The hard hours of training at 8 a.m. soon turned into unhealthy habits. Orichiella said she used laxatives to keep her weight down and avoided eating.
Orichiella pinpoints her eating disorder to this environment. Fourteen years later and she is still fighting to be in control.
“There’s that voice in my head,” Orichiella said. “She’s always there. She gets quieter, but she’s always there in the back of your head.”
Melissa Nord, who is a counselor at Drake’s health center, explained how eating disorders affect people’s mentality.

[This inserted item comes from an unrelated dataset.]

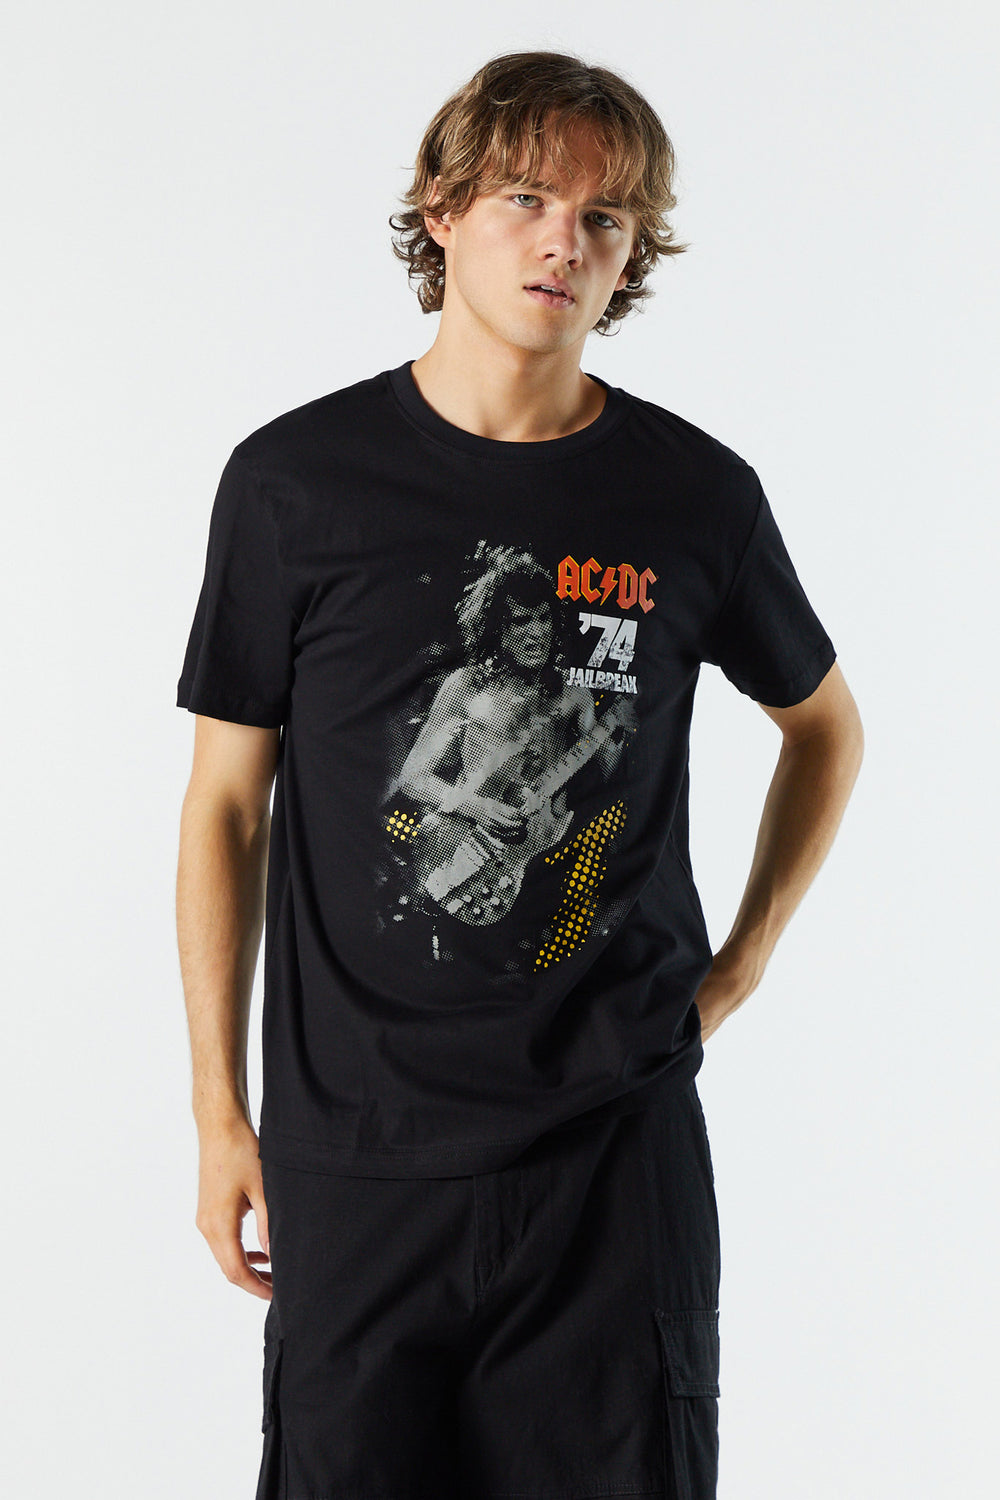 74 Jailbreak T-Shirt  Shop the AC/DC Official Store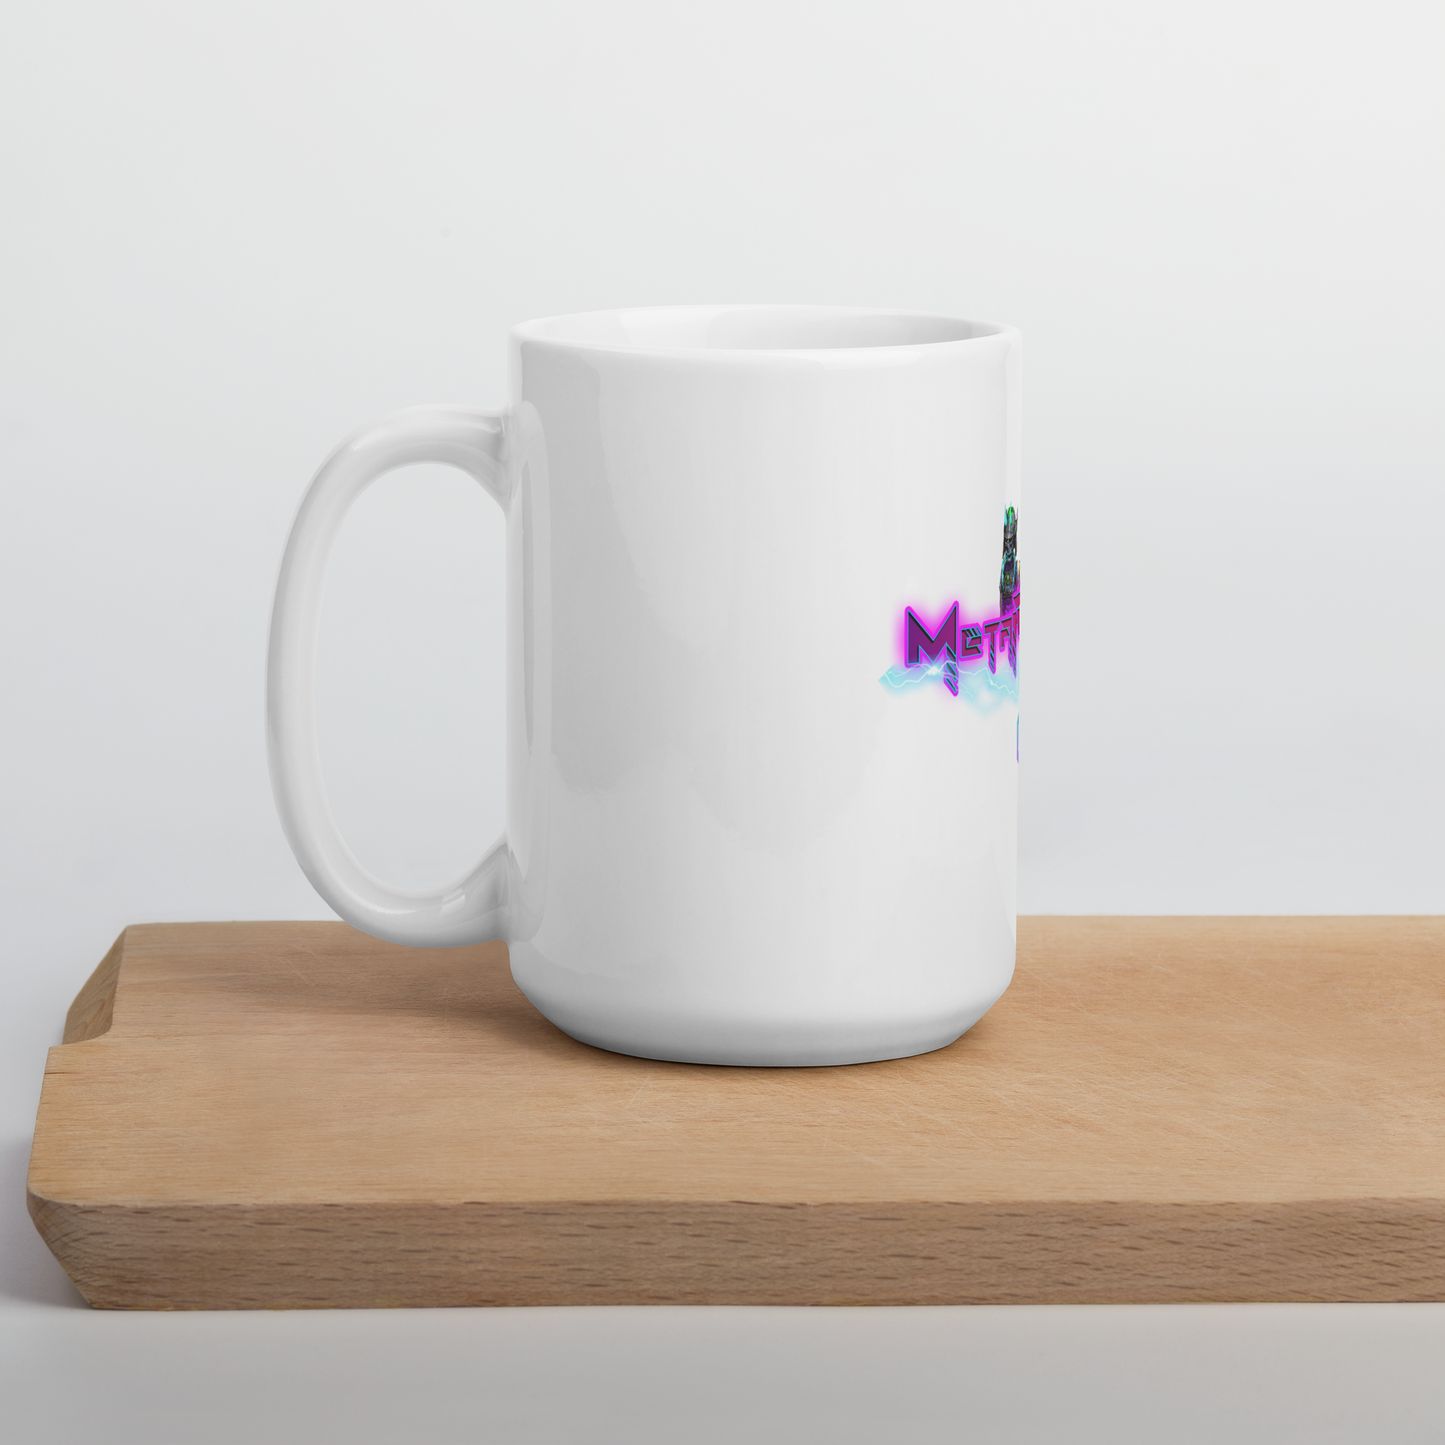 MetaRangers glossy mug

“The mind totally plays tricks on the individual with an eating disorder,” Nord said. “The individual might look into the mirror and see someone with curves and ‘extra weight’ when they’re really so sickly thin that their bones are poking through their skin and they are barely strong enough to stand. They truly do not see the true them.”
Orichiella explained that an eating disorder is not about losing weight. The desire to lose weight is a result of a mentality.
“The whole idea of food in general is terrifying,” Orichiella said. “Losing weight comes from a side effect of having that mindset and having those voices telling you all these things.”
Some people have the mentality that they will reach a goal by not eating, Nord said.
“Sometimes eating disorders convince the individual that they don’t deserve to eat, for whatever reason,” Nord said. “Sometimes eating disorders convince the individual that if they do this one more thing (eat less, exercise more) then they’ll have everything they’re wanting.”
Anorexia had a detrimental effect on Orichiella’s body. Standing at 5 feet 10 inches, she dipped to 115 pounds at her lightest weight. Someone at that height with a healthy weight could weigh between 130 and 170 pounds, according to the BMI index.